Walmart (WMT  ) was one of the beneficiaries of the coronavirus crisis as both in-store and e-commerce sales were better than expected. Online sales were 74% higher than the first quarter of 2019, and in-store sales were 10% higher. The company also hired 200,000 workers in the quarter to meet this increased demand and also because it stepped up cleaning protocols.

Walmart's stock gapped up to test its all-time high. There was some profit-taking as the stock withdrew guidance for the rest of the year given "unprecedented variability" due to the coronavirus pandemic. The stock currently sits 4% below its highs. Walmart's stock is up nearly 10% for the year, while the S&P 500 (SPY  ) is 10% lower.

Recent weeks have been dominated by optimism that the economy will "reopen", so there's been a rotation out of companies that benefit from stay-at-home orders and into companies that have been the most punished under these conditions.

Inside the Numbers

Walmart noted that people made fewer trips but were purchasing more items. The number of transactions was 6% lower, but the average transaction size was 16% higher. These figures were largely due to stockpiling during the initial part of the pandemic. Consumers were buying more lower-margin items like food and toilet paper.
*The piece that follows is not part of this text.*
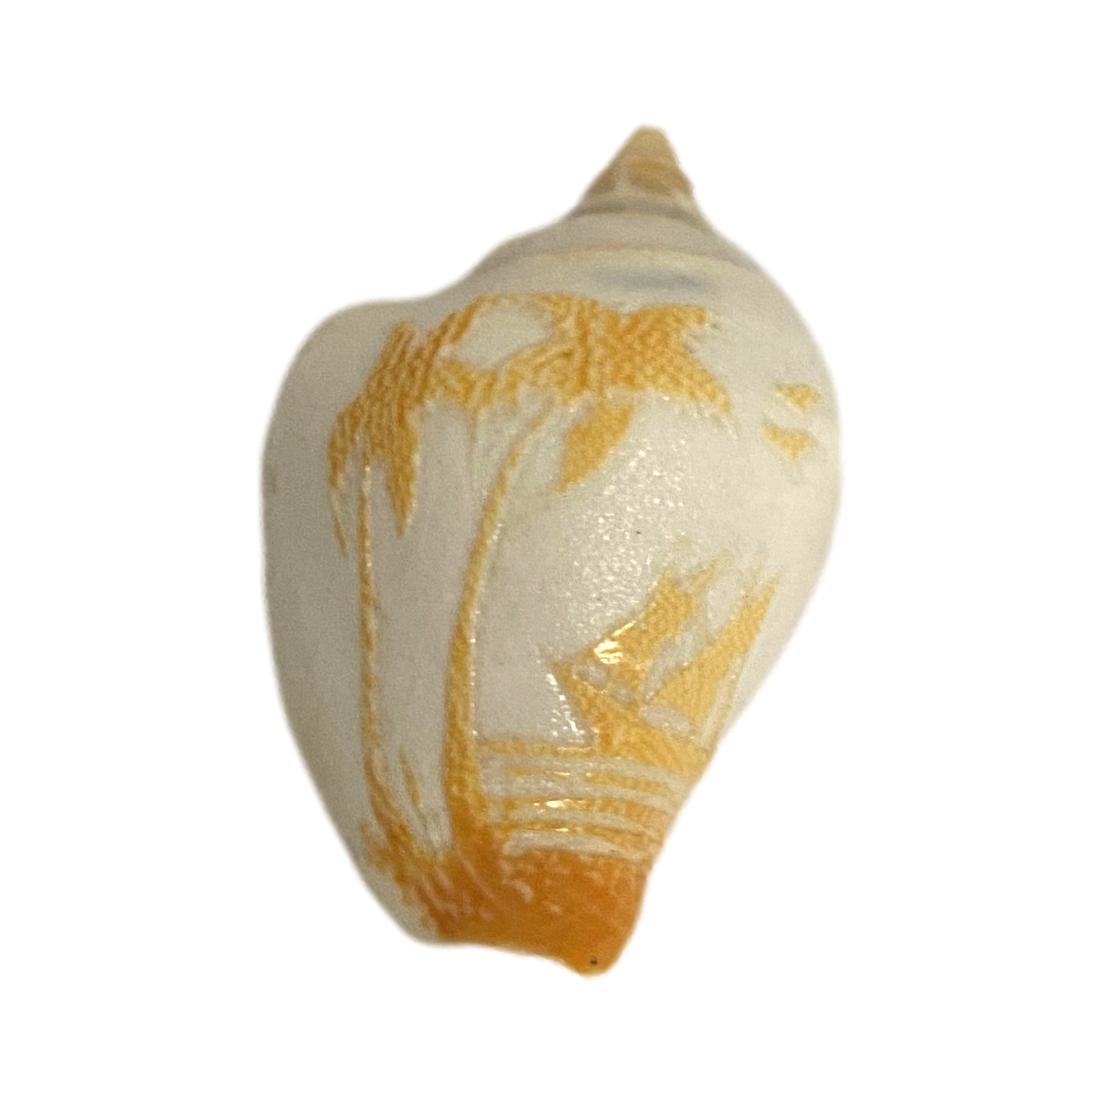 Small Decorative Shell
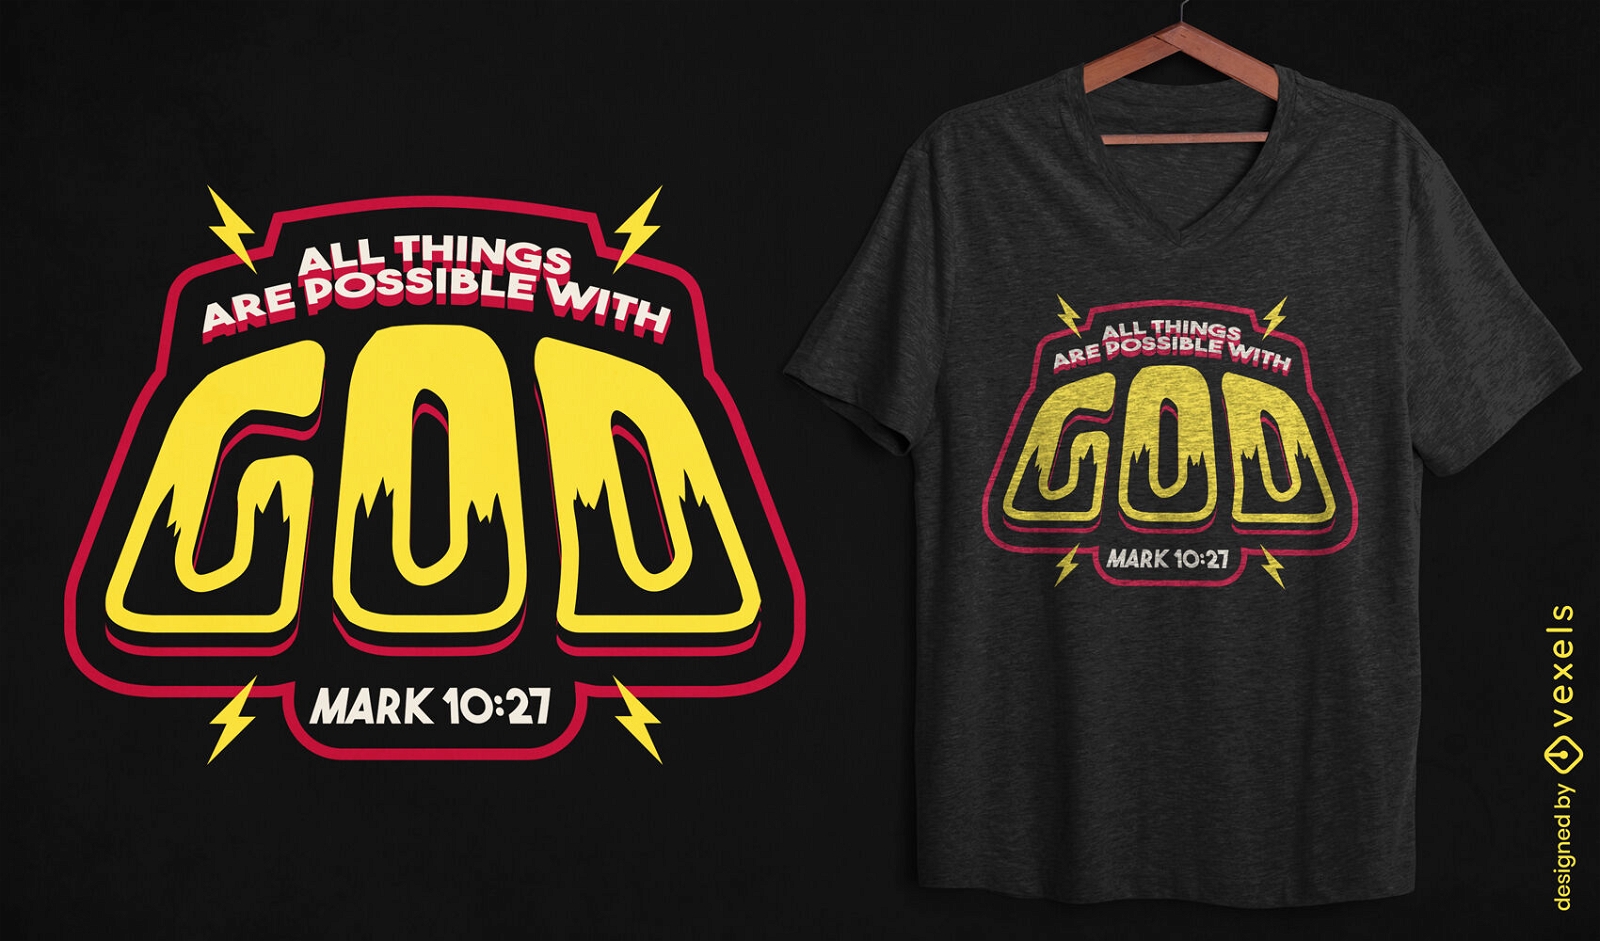 God inspirational quote t-shirt desgin

But in later months, demand picked up for big-ticket items with some of this attributed to the stimulus payments.

Net income was $1.40 per share for the quarter which was above last year's first quarter of $1.33 per share and analysts' estimates of $1.12 per share. Revenue was $134.62 billion, 8.6% above last year, and Wall Street expectations of $132 billion.

Silver Lining

Walmart's profit growth was 5%, but its revenue grew by nearly 10%. The difference was due to customers buying more low-margin items and eschewing higher-margin, expensive products. Walmart CEO Doug McMillon said there were three phases. Phase 1 was stockpiling with "unprecedented demand" for cleaning supplies and groceries. Phase 2 was shopping for items that enabled work and schooling from home.

Phase 3 is ongoing and the CEO speculated that it was driven by stimulus checks and there was a resumption of buying more expensive items like TVs, furniture, and toys. This is one piece of evidence that the government's fiscal stimulus program is working, and people are feeling confident enough to spend the proceeds on discretionary items.